UPDATE statements that change a partition key column now cause affected rows to be moved to the appropriate partitions.
Improve SELECT performance through enhanced partition elimination strategies during query planning and execution. A new method of performing partition elimination has been added. This new algorithm is able to determine matching partitions by looking at the query’s WHERE clause. The previous algorithm checked each partition, in turn, to see if it could match the WHERE clause of the query. This resulted in an additional increase in planning time as the number of partitions grew.
Partition Pruning During Query Execution
As for prepared statements, query parameters are not known before the execution. Query Planner cannot eliminate partitions during the planning phase as parameters are not known. So, the executor does the partition pruning during execution to access only the partitions that match parameters.
PostgreSQL now allows you to add non-key columns in the btree index. Since queries typically need to retrieve more columns than just the ones they search on, PostgreSQL allows you to create an index in which some columns are just “payload” and are not part of the search key. It helps in doing just index-only scans to retrieve the required rows.
Starting PostgreSQL 12, it’s possible to rebuild an index with REINDEX CONCURRENTLY without locking the table for read/writes, just like the Oracle REBUILD INDEX command.
Parallel Index Creation
With parallel index creation (Introduced in PostgreSQL 11, currently applicable only for b-tree indexes), indexes can be created faster up to max_parallel_workers value and setting maintenance_work_mem large enough to hold multiple copies of data. Parallel index creation can significantly reduce your index creation time.
Deduplication of Data in B-Tree Indexes
Sometimes there will be duplicate entries in an index. This means that a leaf node in a B-Tree index with at least two index entries in the same index contains the same data for all the index columns. With the addition of deduplication in PostgreSQL 13, you can group these duplicate B-Tree index entries and gather them in a group entry. The benefit of this is saving space and reduced load on disk and RAM, as you won’t have to duplicate column data. Duplicate entries also cause unwanted index bloating.
In PostgreSQL 11 came support for SCRAM-SHA-256 password authentication. This method prevents password sniffing on untrusted connections and allows you to store your passwords in a cryptographically hashed form.

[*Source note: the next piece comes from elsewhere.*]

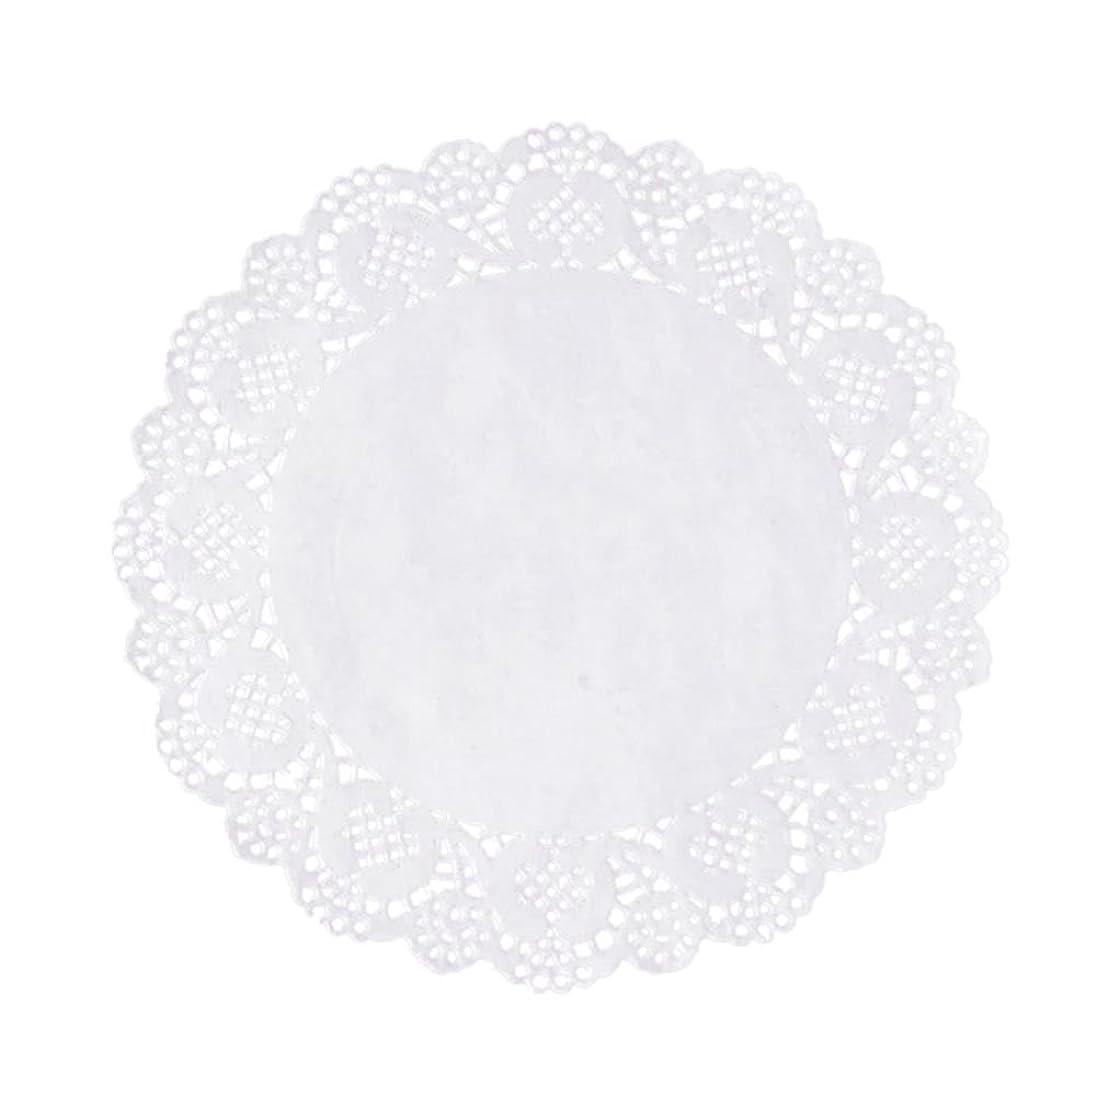 最も遠い精巧な受信Xigeapg 100枚白いレースラウンド小さなマットケーキ包装パッド結婚式の食器装飾

Out of all the currently supported password authentication methods, this is the most secure one.
GSSAPI allows secure authentication, as well as automatic single-sign-on for systems that support it. This authentication method relies on a GSSAPI-compatible security library. The data sent over the database connection will be unencrypted unless SSL is used; however the authentication itself is secure. GSSAPI with Kerberos authentication is possible with PostgreSQL according to industry standards. When Kerberos is used, a standard principal is used in the format “servicename/hostname@realm”. Any principal included in the keytab used by the server will be accepted by the PostgreSQL server.
Operating similarly to password authentication, this authentication method uses LDAP as the verification method. It’s only used to validate username and password pairs, hence the user must exist in the database already for the authentication to work. LDAP authentication operates in either a simple bind mode or what’s called search+bind. Search+bind allows you to use other identifiers compared to the simple bind mode, which only allows the distinguished name, domain name, or email to be used.
The certificate authentication method uses SSL certificates to authenticate. Consequently, it’s only available for SSL connections. With certificate authentication, no password is required. The client simply needs to provide a valid and trusted certificate to be able to authenticate. The certificate’s common name will be matched with the database user name, and if a match is found, the client will be logged in.
With the release of PostgreSQL 13, improvements to the VACUUM command were implemented. The improvement in question is the added parameter option PARALLEL. With PARALLEL, you can perform index vacuum and index cleanup phases of VACUUM. This allows you to parallel vacuum multiple indexes corresponding to a single table.
Most Reports queries, which generally scan a lot of data, suffer from performance degradation due to needing to scan or aggregate data from many rows even with an index scan. These queries can use only one CPU until 9.4 and run serially.
With parallel query (which offers parallel sequential scan, merge join, hash join, aggregate and other parallel query plan features), these queries can take advantage of multiple workers, and performance can improve from 2x to 10x as per documentation.
Check out this post to learn when to use parallel queries.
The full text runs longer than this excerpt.